Bacterial small RNAs (sRNA) are small (50-250 nucleotide) non-coding RNA molecules produced by bacteria; they are highly structured and contain several stem-loops.[1][2] Numerous sRNAs have been identified using both computational analysis and laboratory-based techniques such as microarrays and Northern blotting in a number of bacterial species including Escherichia coli, the nitrogen-fixing alpha-proteobacterium Sinorhizobium meliloti, marine cyanobacteria, Francisella tularensis (the causative agent of tularaemia) and the plant pathogen Xanthomonas oryzae pathovar oryzae.[3][4][5][6][7][8][9][10]

In the 1960s, the abbreviation sRNA was used to refer to "soluble RNA," which is now known as transfer RNA or tRNA (for an example of the abbreviation used in this sense, see.[11])

Function

sRNAs can either bind to protein targets, and modify the function of the bound protein, or bind to mRNA targets and regulate gene expression.
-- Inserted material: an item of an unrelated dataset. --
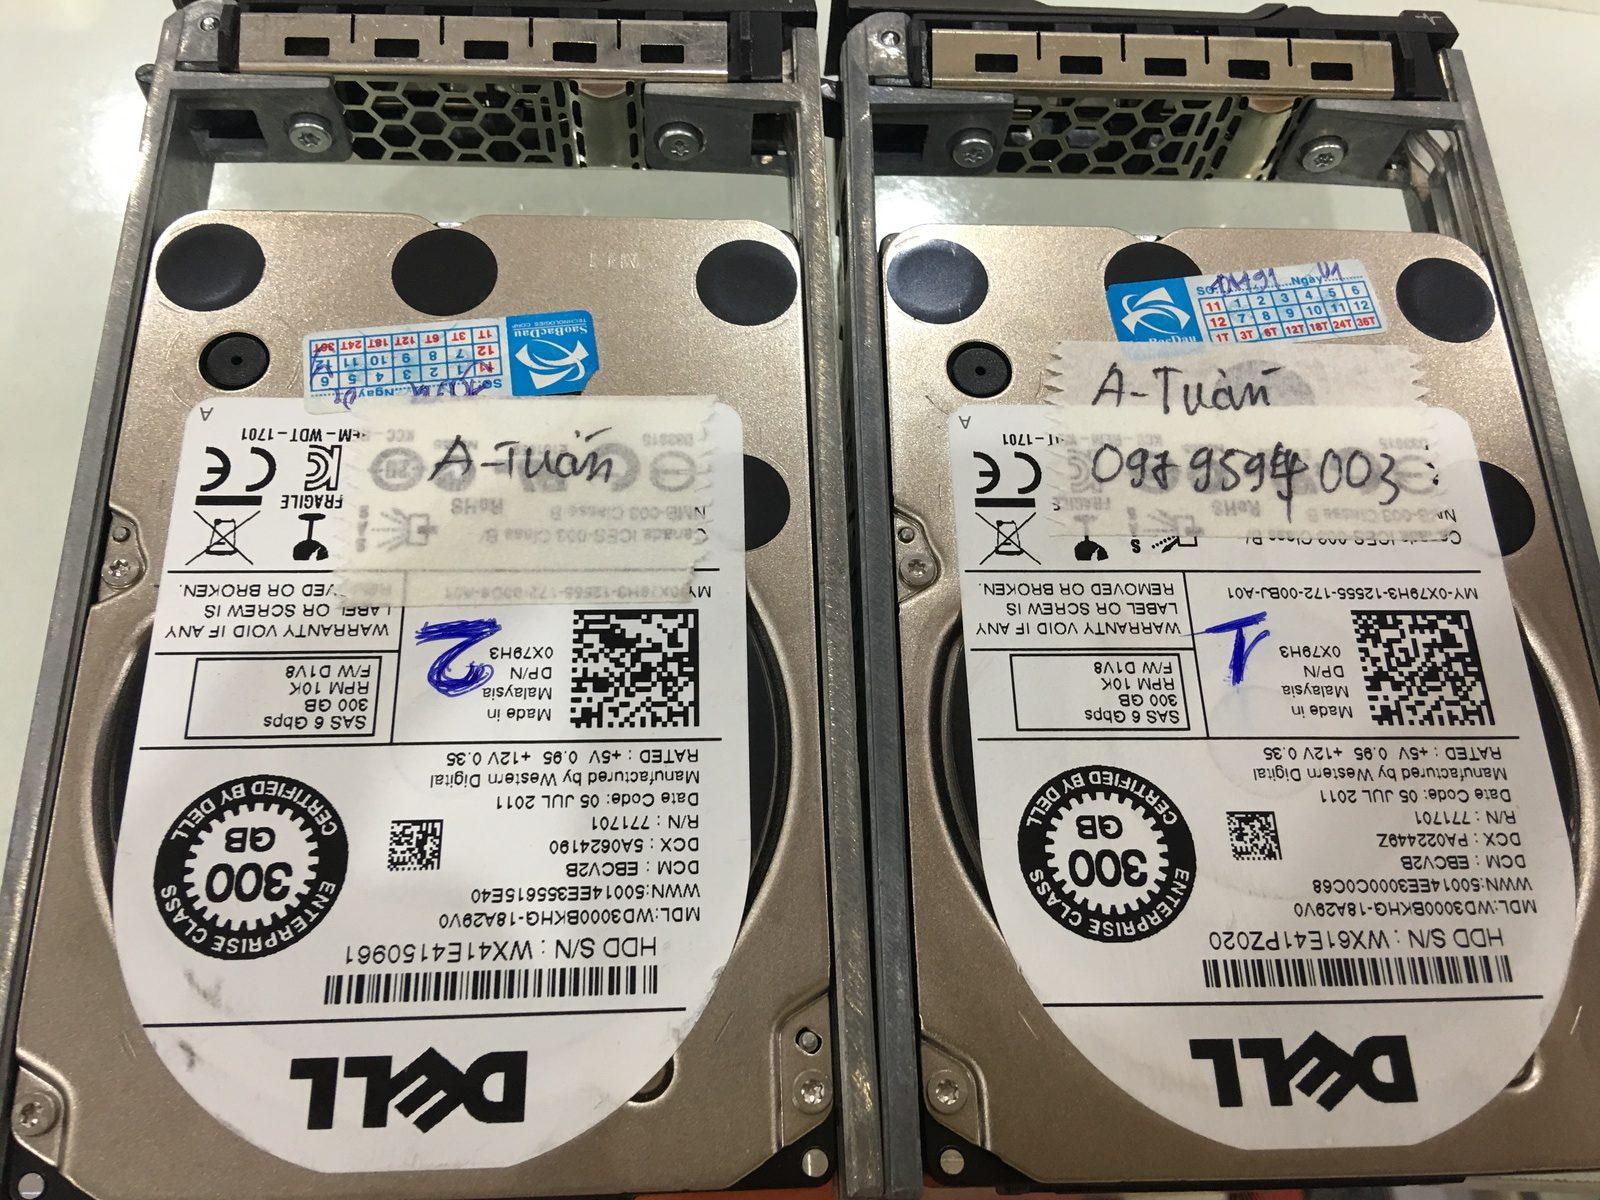 Cứu dữ liệu máy chủ Dell với 2HDDx300GB mất cấu hình RAID 05/09/2019 - cuumaytinh

Antisense sRNAs can be categorised as cis-encoded sRNAs, where there is an overlap between the antisense sRNA and the target gene, and trans-encoded sRNAs, where the antisense sRNA gene is separate from the target gene.[1][12]

House-keeping

Amongst the targets of sRNAs are a number of house-keeping genes. The 6S RNA binds to RNA polymerase and regulates transcription, tmRNA has functions in protein synthesis, including the recycling of stalled ribosomes, 4.5S RNA regulates signal recognition particle (SRP), which is required for the secretion of proteins and RNase P is involved in maturing tRNAs.[13][14]

Stress response

Many sRNAs are involved in stress response regulation.[15] They are expressed under stress conditions such as cold shock, iron depletion, onset of the SOS response and sugar stress.[14] The small RNA nitrogen stress-induced RNA 1 (NsiR1) is produced by Cyanobacteria under conditions of nitrogen deprivation.[16]

Regulation of RpoS

The RpoS gene in E. coli encodes sigma 38, a sigma factor which regulates stress response and acts as a transcriptional regulator for many genes involved in cell adaptation. At least three sRNAs, DsrA, RprA and OxyS, regulate the translation of RpoS. DsrA and RprA both activate RpoS translation by base pairing to a region in the leader sequence of the RpoS mRNA and disrupting formation of a hairpin which frees up the ribosome loading site. OxyS inhibits RpoS translation. DsrA levels are increased in response to low temperatures and osmotic stress, and RprA levels are increased in response to osmotic stress and cell-surface stress, therefore increasing RpoS levels in response to these conditions. Levels of OxyS are increased in response to oxidative stress, therefore inhibiting RpoS under these conditions.[14][17][18]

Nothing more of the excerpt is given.